Earlier this week I had the opportunity to attend Forrester's journey mapping workshop in their San Francisco office. It was a great mix of content and group exercises to give everyone hands on experience mapping the journey of a customer. We had a pretty impressive journey map by the end of the afternoon!
But the topic that kept coming up during the breaks, was "how do we replicate this with our teams when we get back to the office?" The great thing about this workshop is that we were all in the same room and able to work together. And as you might expect if you've done journey mapping, all of the tools were analog. Sticky notes, printed journey map, markers, flip charts, photos, printed personas... These tools all but mandate that everyone be in the same place to have a productive meeting; one where everyone can contribute. But the reality is that a lot of companies have remote workers, can't justify travel budgets for this type of project, or need to do the work over a longer period of time. Current tools make it difficult to get this important work off the ground.

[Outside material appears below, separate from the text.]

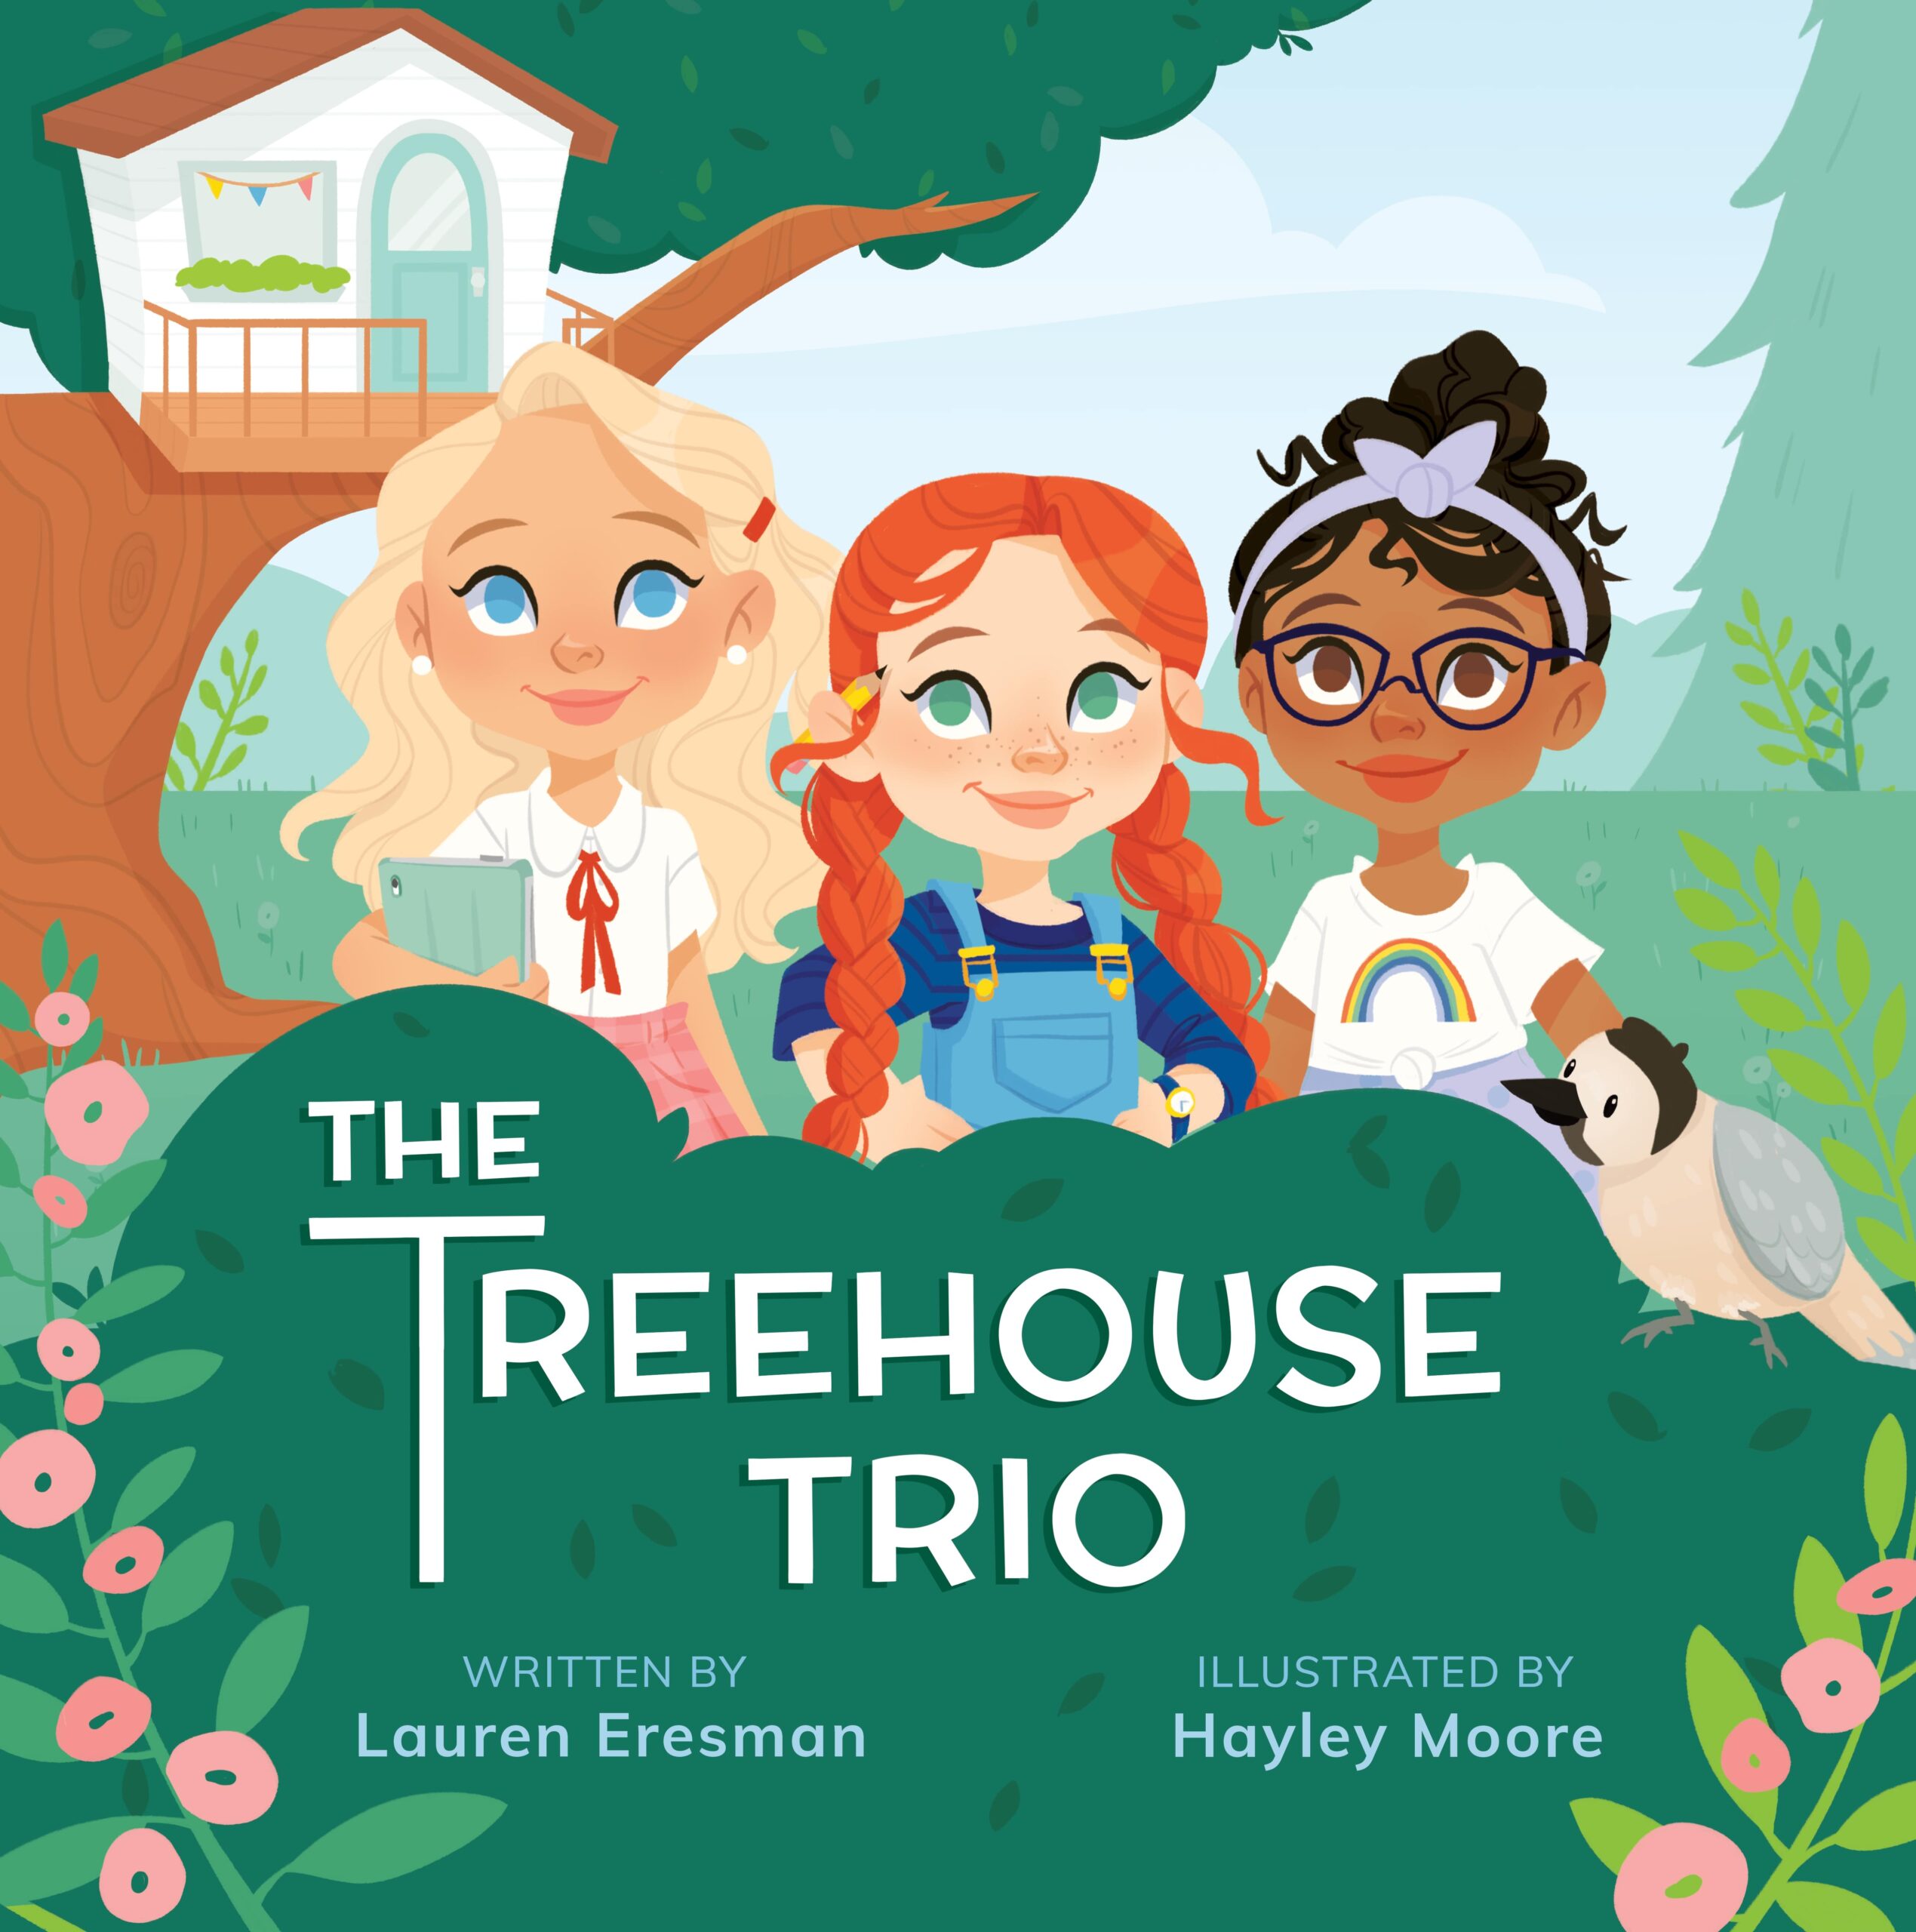 FREE: The Treehouse Trio by Lauren Eresman

Enter visual collaboration.
It's a new but growing software category, one that Prysm is in, that allows you to see and interact with multiple pieces of content at the same time, so you can digitize a lot of traditionally analog processes. Take journey mapping. To run a workshop, you simply need to upload a journey map background image and any supporting content that you would typically print so it is always visible for reference. Then, participants from any location can simultaneously add sticky notes containing steps, touchpoints, emotions, etc. Easily move them around without worrying about them losing their "stick." Take a snapshot of the whole workspace to save a variation you might want to explore at another time, or snapshot your final map and email it to your exec team for review. Step by step through the process, Prysm's software has the tools needed to complete this work efficiently, effectively, and with input from everyone, not just those that are in the room.
The benefits of Prysm for a process like journey mapping, are extensive, but here are a few: you can add endless sticky notes, whiteboards, and map variations without running out of room or stickies falling off; the content stays as you left it, so you can come back and review or iterate as needed; it can be accessed from any location and any device, so everyone can be an active participant; you can include co-browsers, so everyone can see websites and other live sources simultaneously; and it integrates with existing enterprise tools, for easier access to your existing systems.
Needless to say, I left the workshop extremely motivated to get started, and am thankful I have the tools to do it effectively with a distributed team, without a lot of logistical planning.